Hal ini tentu bisa terwujud karena relatif baik lah ruang kebebasan beragama dan juga keterlibatan sosial bagi kawanan minoritas kecil umat Katolik di Indonesia. Di tengah kawanan pulau-pulau yang tersebar dan indah, hendaknya umat Katolik yang tersebar-sebar ikut membangun keindahan dunia kehidupan di Indonesia, demikian Paus menyerukannya. Tentu untuk itu perlu umat Katolik memegang sungguh nilai-nilai serta prinsip yang diajarkan serta dihidupi oleh Gereja.
Yesus Kristus datang untuk memberi pertumbuhan pada benih-benih yang telah disebarkannya dalam hati setiap orang, di tengah kenyataan budaya dan cara hidupnya yang khas. Dia ambil bagian dalam realitas nyata kehidupan kita, malahan menjadikan diri-Nya sebagai bagian dari dunia pada saat itu, berbicara dalam bahasa negeri itu, dan mengambil kisah dari kondisi serta kenyataan kehidupan setempat saat memberi contoh ilustratif dalam mengajarkan tentang keadilan, harapan, kebenaran serta kasih.
Tidak mengherankanlah kalau ajaran-Nya dapat tersebar sampai segala penjuru dunia, mengadaptasikan diri dalam pengungkapannya dengan segala bahasa, tradisi maupun peradaban. Hal itu dirangkumkan Paulus VI sebagai wajah Gereja yang terus berdialog dalam rangka mewujudkan diri menjadi Gereja setempat.

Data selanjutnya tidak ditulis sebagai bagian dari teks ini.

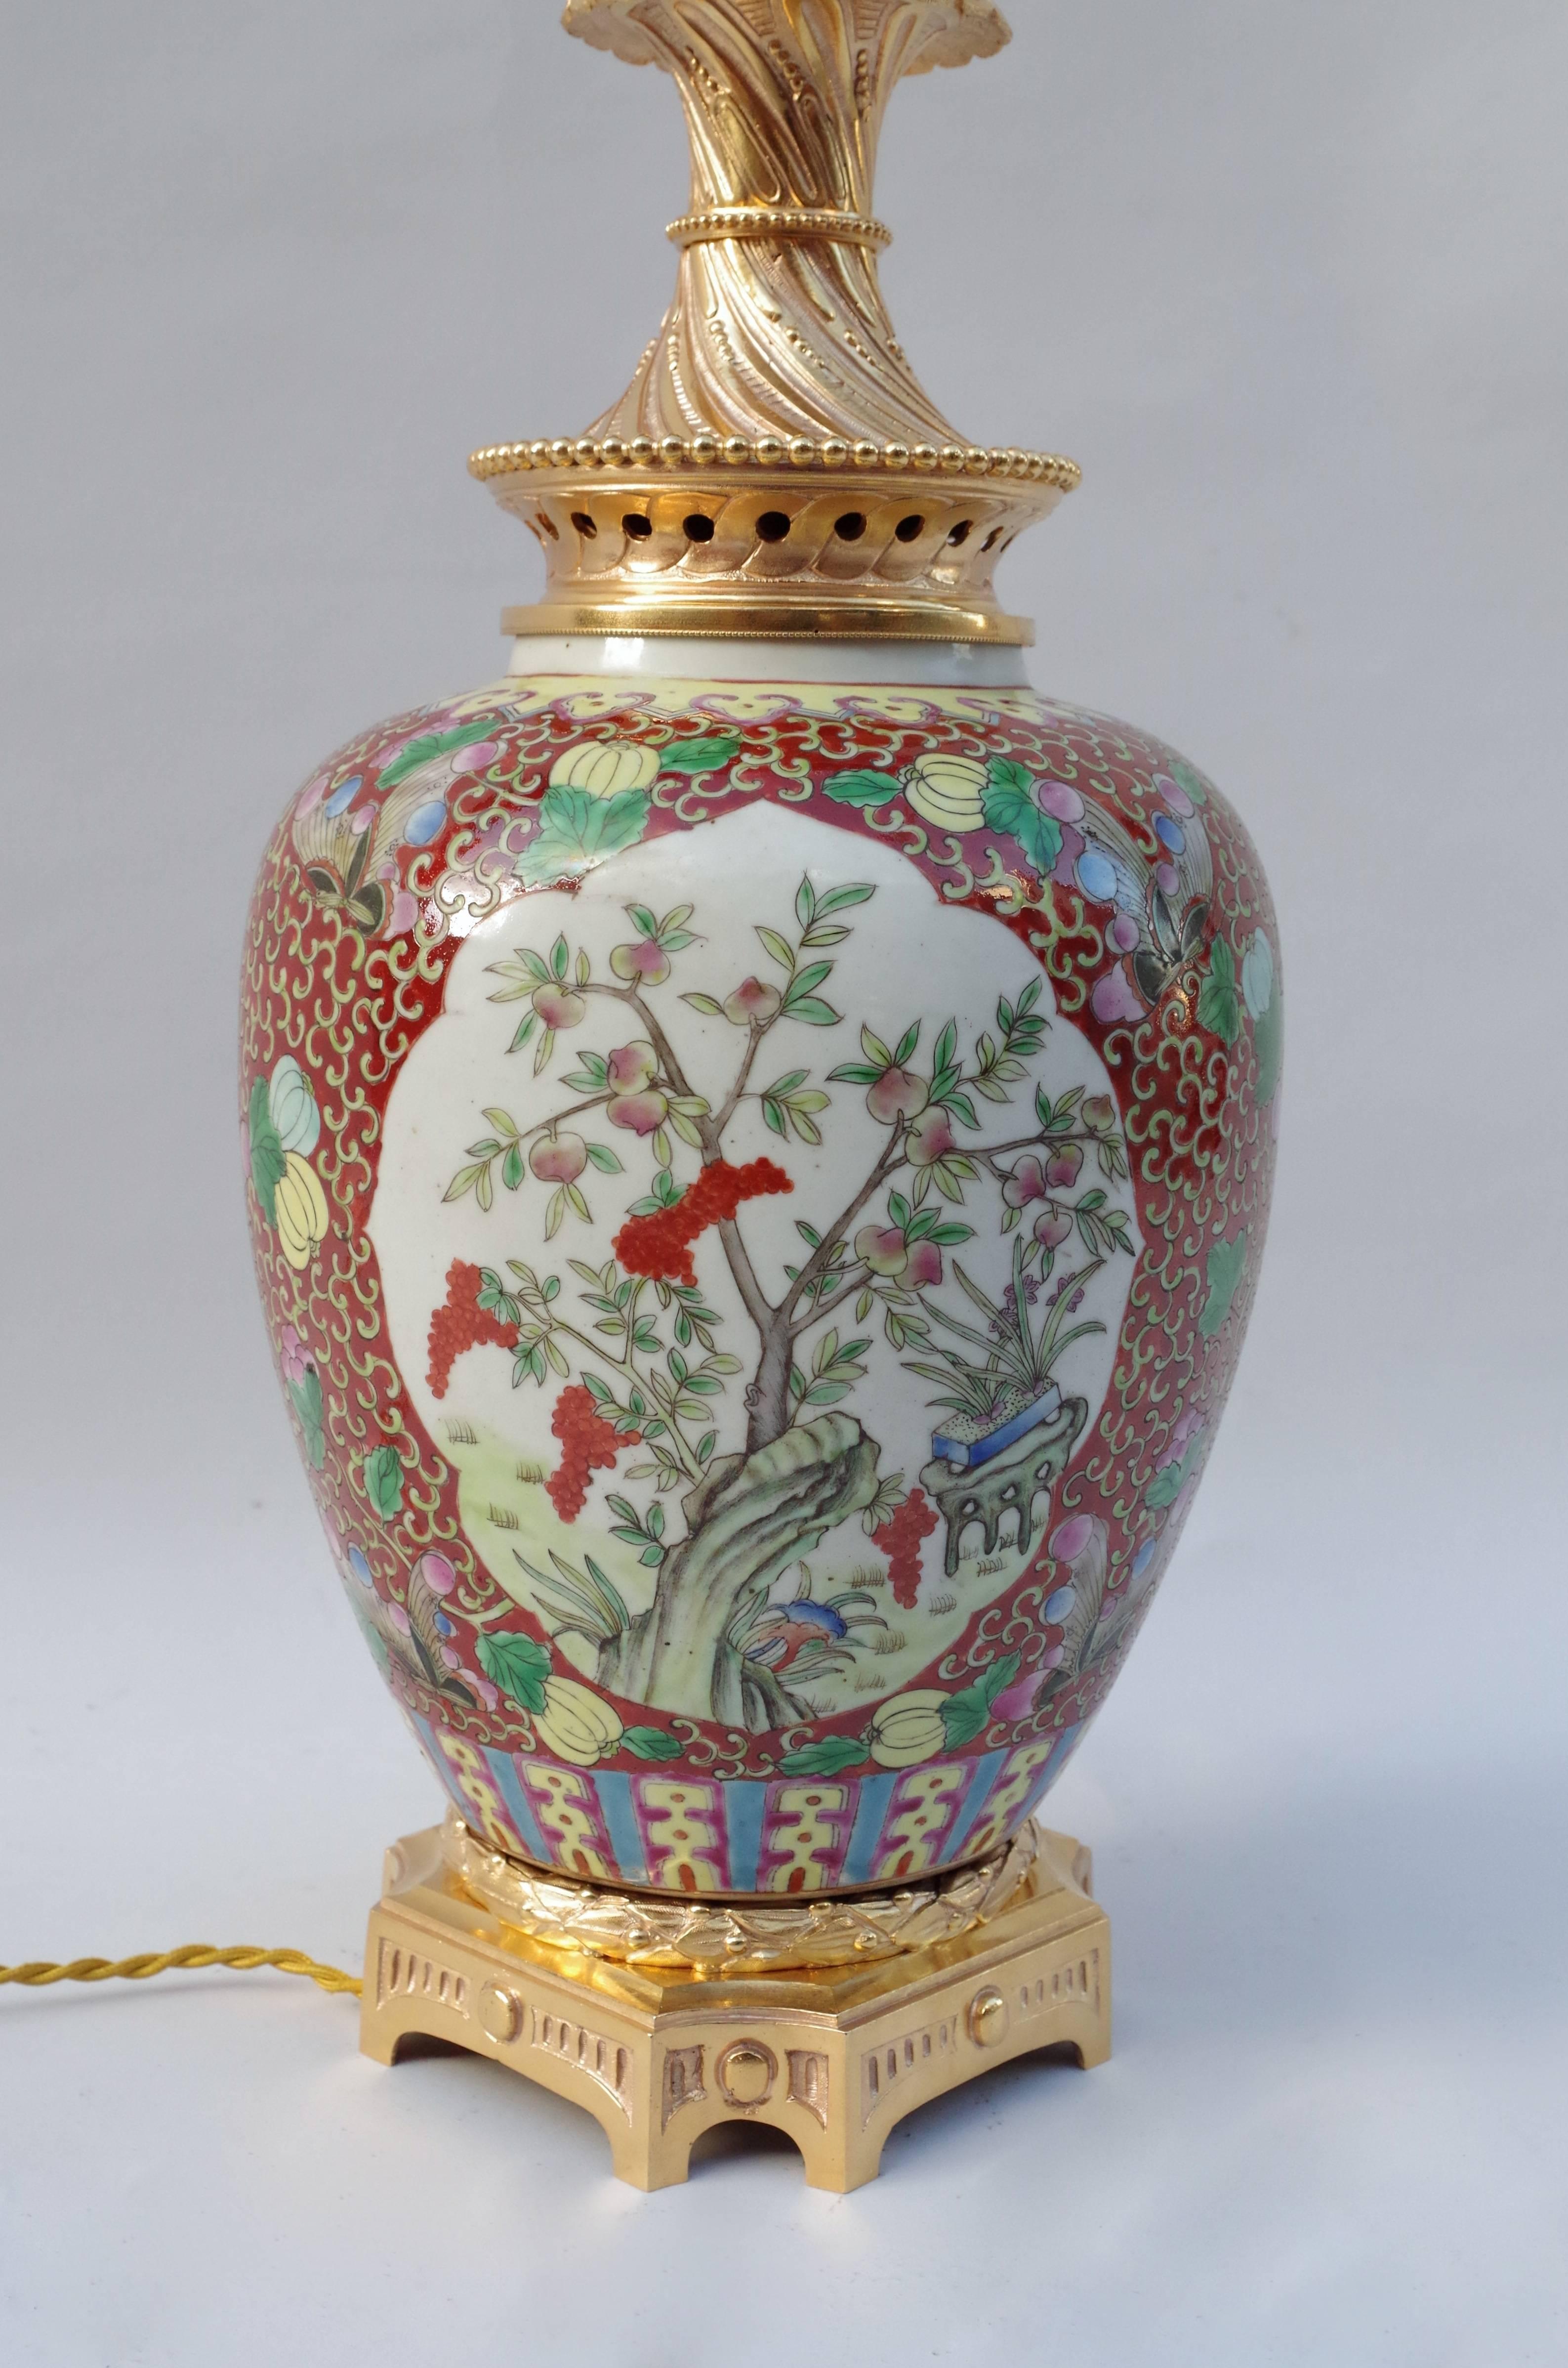 Large vase shaped porcelain lamp.
Green family porcelain on a red background, decorated with interlaces, flowers and butterflies. Plants in reserve in two white background cartouches as Chinese gooseberries, prunus blossoms, carnation and

Semua ini masih terus menjadi pekerjaan rumah dan tugas penting yang dihadapi oleh Gereja Katolik di Indonesia. Menjadi Gereja setempat sehingga Gereja di Indonesia dapat semakin menjadi Gereja Indonesia, inilah gerak misioner bagi kita hingga saat ini. Proses ini panjang, namun perlu dengan tekun dan setia dijalani. Paus Paulus VI telah memberikan tantangannya, selanjutnya lalu bagaimana kita, sejauh mana kita membangun dan menghidupi diri sebagai Gereja Indonesia.